- _Task directions_
Word for word, transcribe the lines below and drop the pictures.

[Stored data]

+++

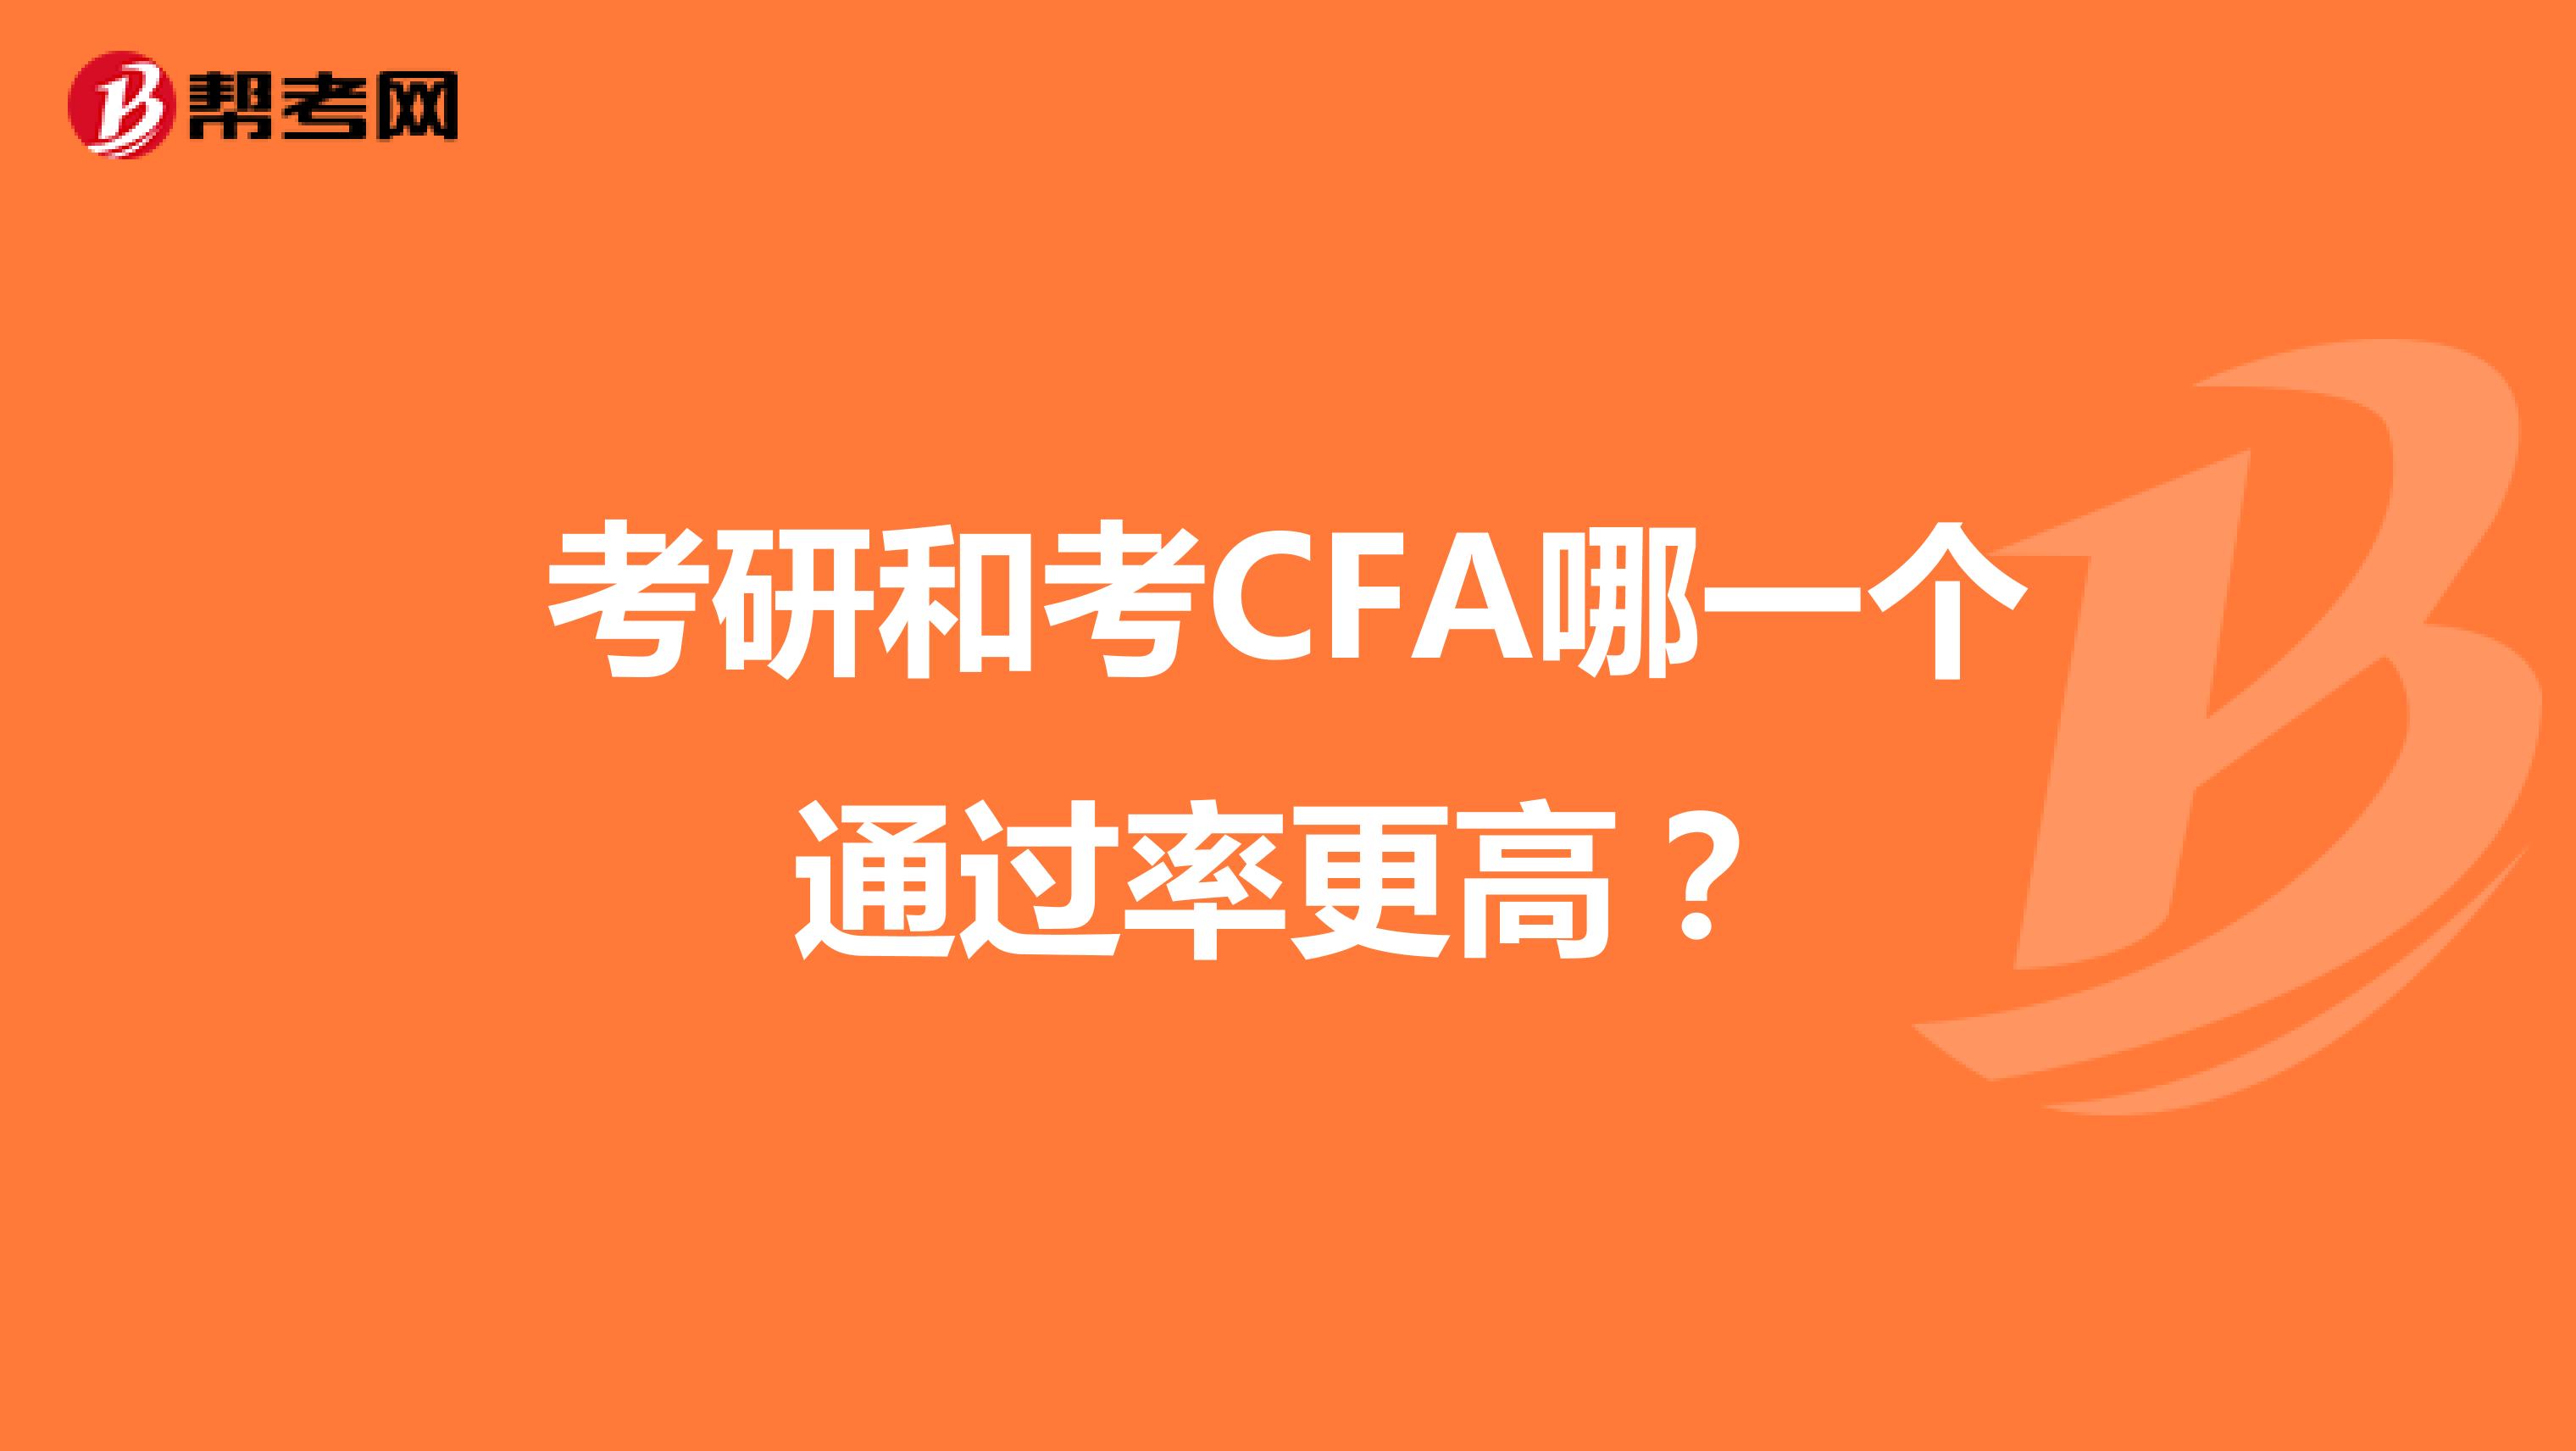 考研和考CFA哪一个通过率更高？
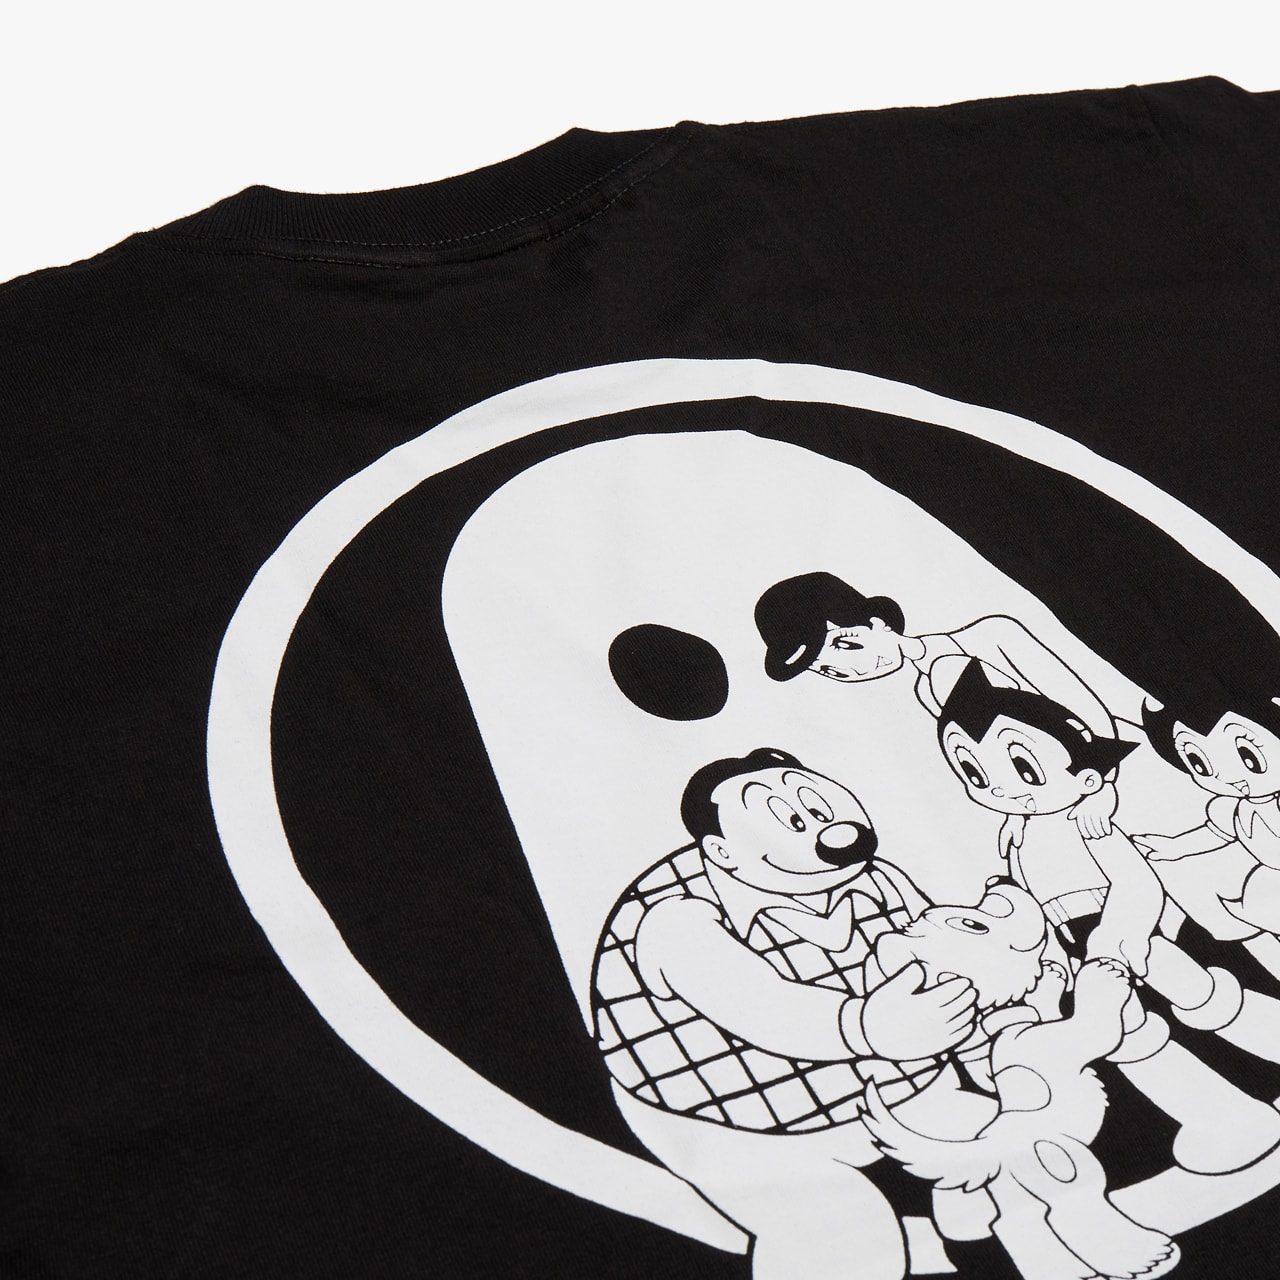 音楽レーベル Ghostly International が『鉄腕アトム』とのコラボマーチャンダイズを発表 'Astro Boy' x Ghostly International Collaboration osamu tezuka collection eric hu nike sportswear ssense tee shirt tote bag release date buy
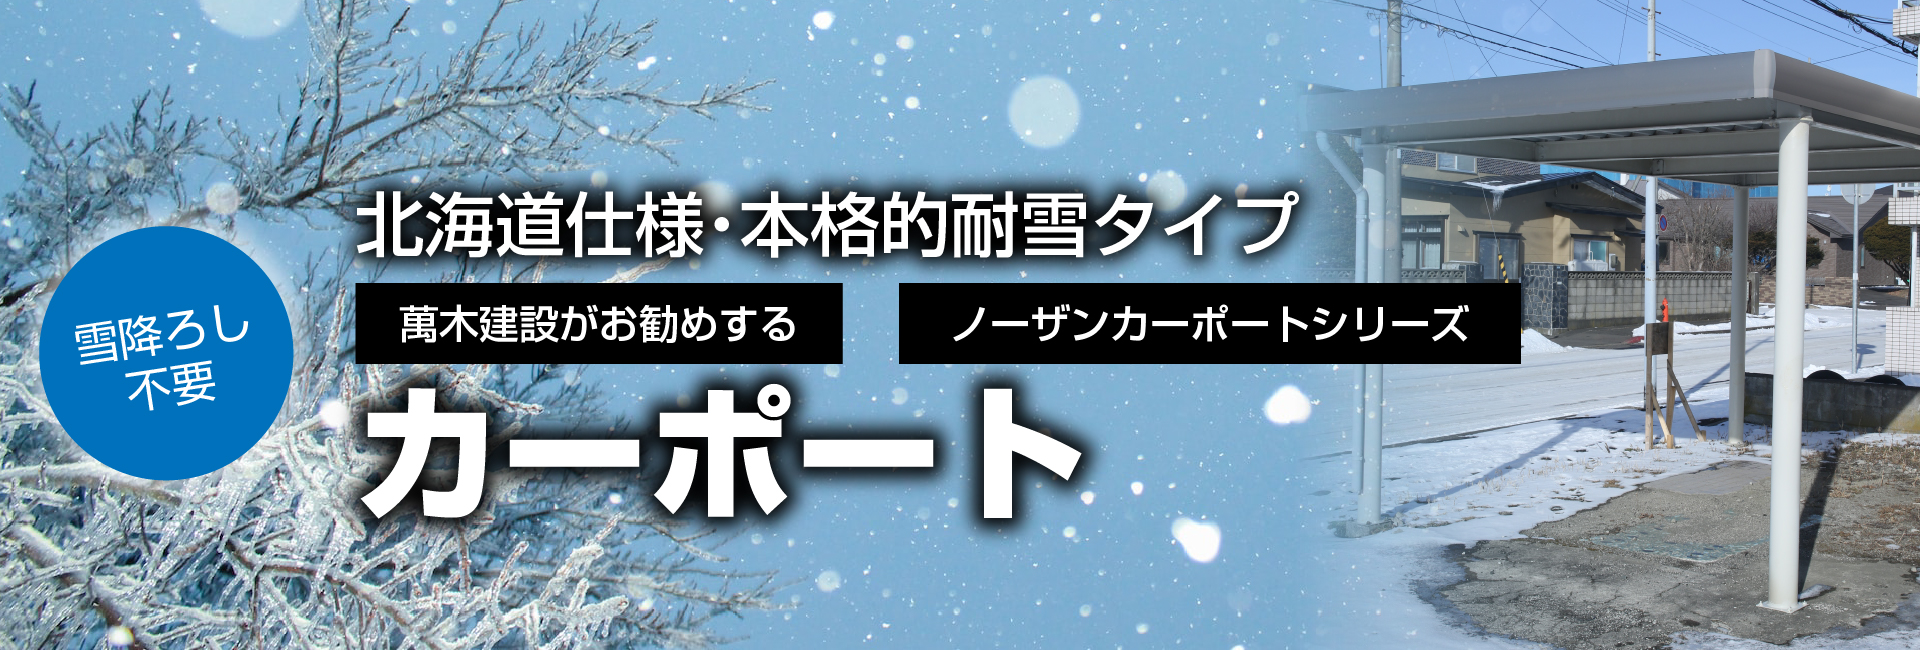 北海道仕様・本格的耐雪タイプ 萬木建設がお勧めする、雪降ろし不要のノーザンカーポートシリーズ「カーポート」
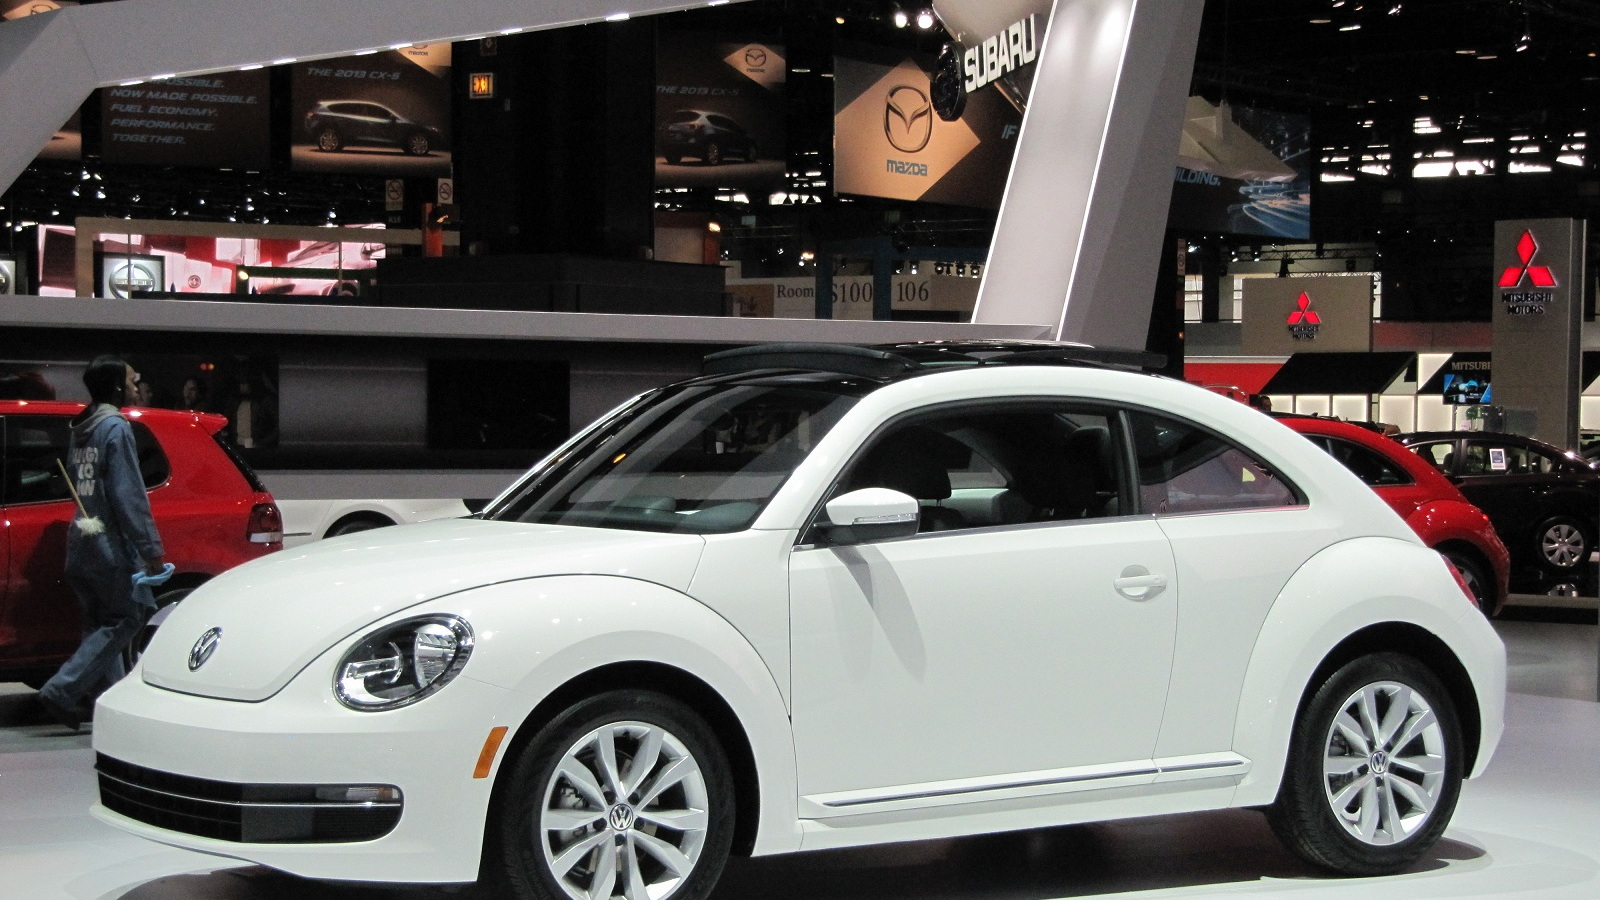 2013 Volkswagen Beetle TDI, Chicago Auto Show, Feb 2012
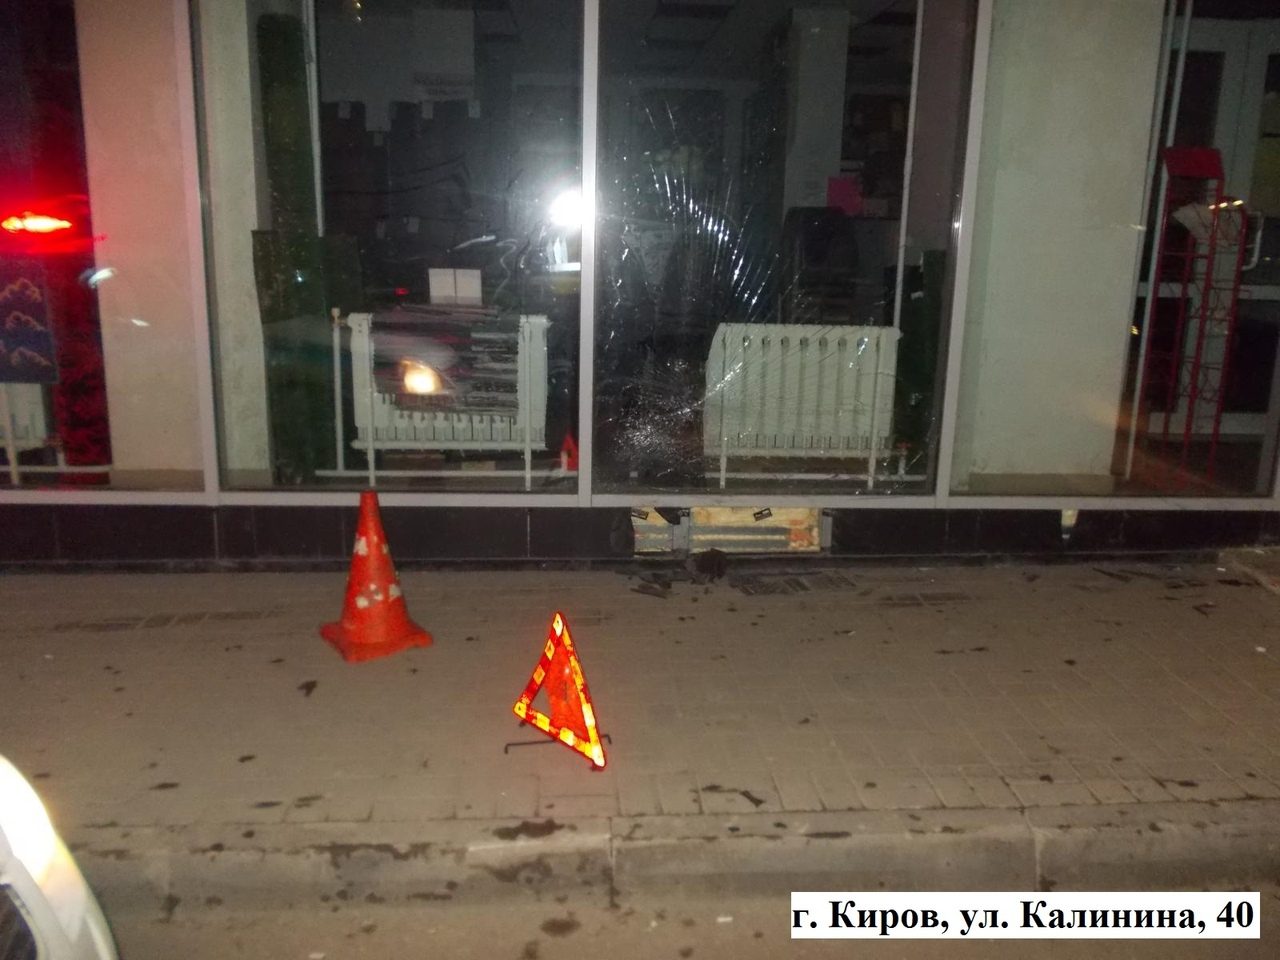 В Кирове разыскивают водителя, который сбил пешехода и влетел в витрину магазина

+++

- _Output below_
 考研和考CFA哪一个通过率更高？
 音楽レーベル Ghostly International が『鉄腕アトム』とのコラボマーチャンダイズを発表 'Astro Boy' x Ghostly International Collaboration osamu tezuka collection eric hu nike sportswear ssense tee shirt tote bag release date buy
 北海道仕様・本格的耐雪タイプ 萬木建設がお勧めする、雪降ろし不要のノーザンカーポートシリーズ「カーポート」
 2013 Volkswagen Beetle TDI, Chicago Auto Show, Feb 2012
 В Кирове разыскивают водителя, который сбил пешехода и влетел в витрину магазина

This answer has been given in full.